Было много еды, танцев, возгласов. А когда ночь подходила к концу, Руд был удивлён, что к нему подошла Дела.
— Послушай меня сейчас, Руд. Я — твой друг. Когда-то мы уже лежали вместе.
— Вообще-то, два раза, — произнёс он с жалкой улыбкой.
— Ладно, два раза. То, что я тебе скажу, я скажу из дружбы, а не для того, чтобы причинить тебе страдание.
Он нахмурился:
— Что ты пытаешься мне сказать?
Она вздохнула:
— Есть одна история. Я слышала её здесь, больше двух дней назад: её рассказала группа с юга. Они говорят, что на полосе никчёмной земли близ побережья в пещере под утёсом обитает костолобый.
— Да?
— И в той пещере — так говорят, охотник клялся, что видел это сам — живут двое детей.
Он ничего не понял.
— Детёныши костолобого?
— Нет. Не костолобые. Люди.Охотник, занятый своей добычей, видел всё это издалека. Один из детей — так сказал охотник — был девочкой, возможно, вот такого роста, — она показала рукой. — А другой…
— …Мальчик, — вздохнул Руд. — Маленький мальчик.
— Прошу прощения, что сказала это тебе, — произнесла Дела.
Руд понял. Дела чувствовала, что Руд принял свою потерю. Теперь она ещё раз зажгла холодную боль надежды в его ослабленном сердце.
— Завтра, — твёрдо сказал он. — Завтра ты покажешь мне этого охотника. А потом…
— Да. Но не сегодня вечером.
Позже, самой поздней ночью, Олит лежала с Рудом, но он был неспокоен.
— Скоро наступит утро, прошептала она. — А потом ты уйдёшь.
— Да, — сказал он. — Олит, идём со мной.
Она задумалась, а затем кивнула. Для него решение путешествовать в одиночку не было бы мудрым. Она слышала, как скрипели его зубы. Она коснулась его челюсти, ощутив напряжённые мускулы.
— Ты что?
— Если там самец костолобого, если он причинил им вред…
Она успокоила его:
— Твои мысли летят слишком далеко впереди; дай своему телу возможность догнать их. А теперь спи.
Но Руду было невозможно уснуть.
III
Костолобый вернулся в пещеру Яхна увидела, что он нёс тюленя — целое животное , жирный, тяжёлый самец был перекинут через одно его плечо. Даже сейчас, когда они провели уже много недель в этой увенчанной утёсом пещере, его сила удивляла её.
Вперёд выбежал Милло, его кожаная накидка, сделанная на манер костолобых, развевалась в воздухе.
— Тюлень! Тюлень! Мы хорошо поедим сегодня вечером! — он обнимал толстые, как ствола дерева, ноги костолобого.
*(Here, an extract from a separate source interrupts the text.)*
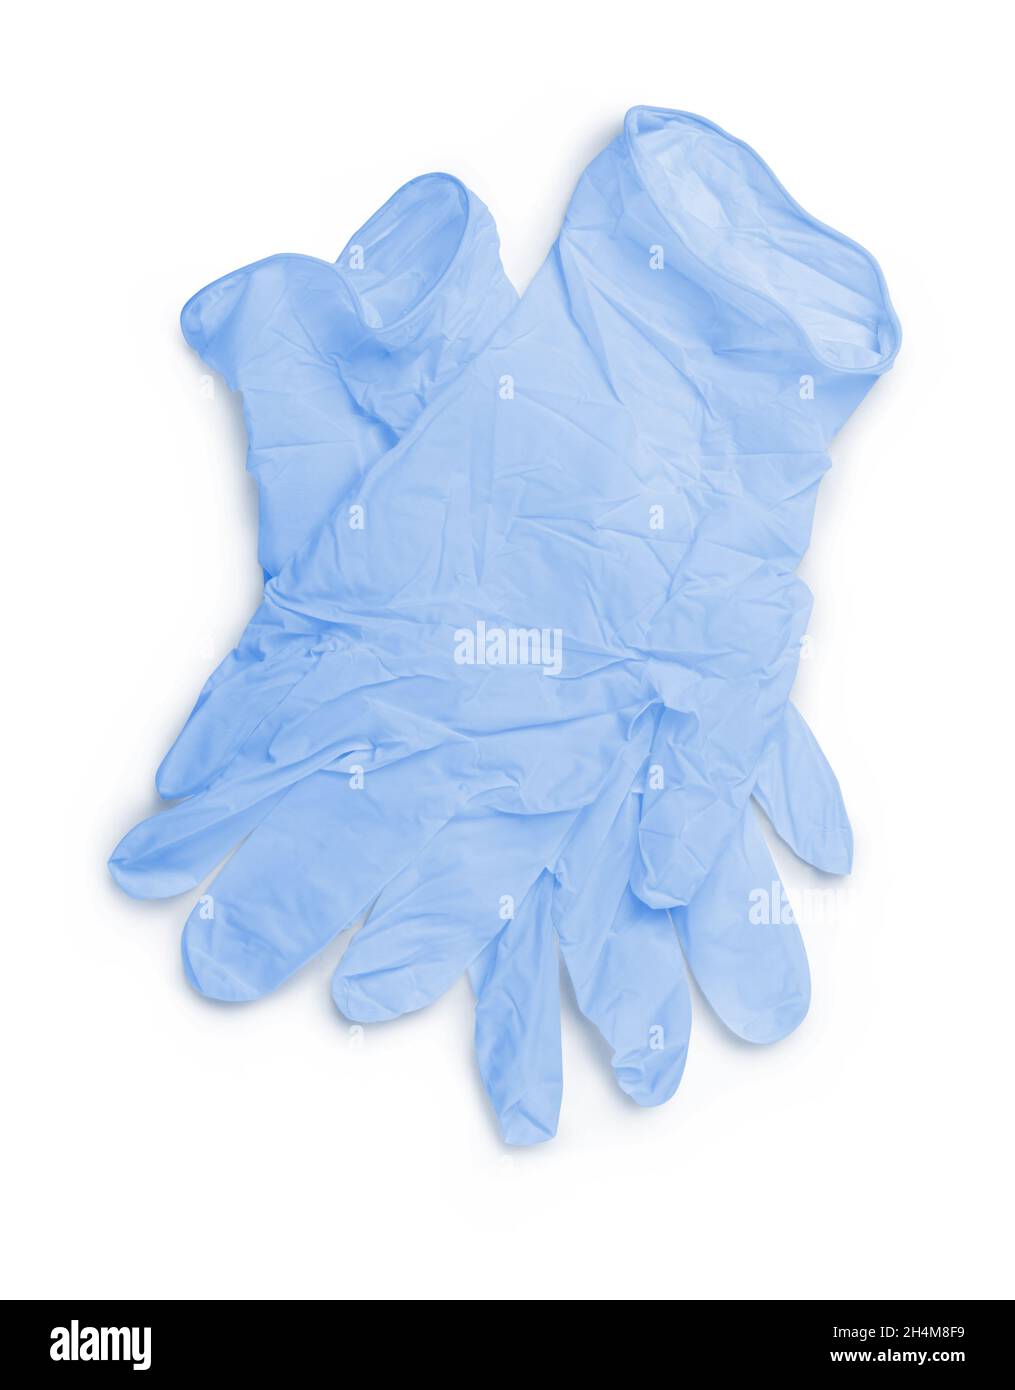 Par de guantes de látex médicos azules cierre aislado sobre un fondo blanco Foto de stock

Так же, как он обычно обнимал своего отца . Яхна выбросила из головы неприятную мысль: здесь это было неуместным, а она должна быть сильной.
Костолобый, вспотев от усилий по переноске такого веса по скалистой тропинке с пляжа, взглянул вниз на мальчика. Он издал серию гортанных, хрюкающих шумов — бормотание, которое ничего не означало… или, по крайней мере, Яхна не думала, что оно что-нибудь означало. Иногда она спрашивала себя, произносил ли он слова — слова костолобого, какая странная мысль — которые она просто не могла распознать.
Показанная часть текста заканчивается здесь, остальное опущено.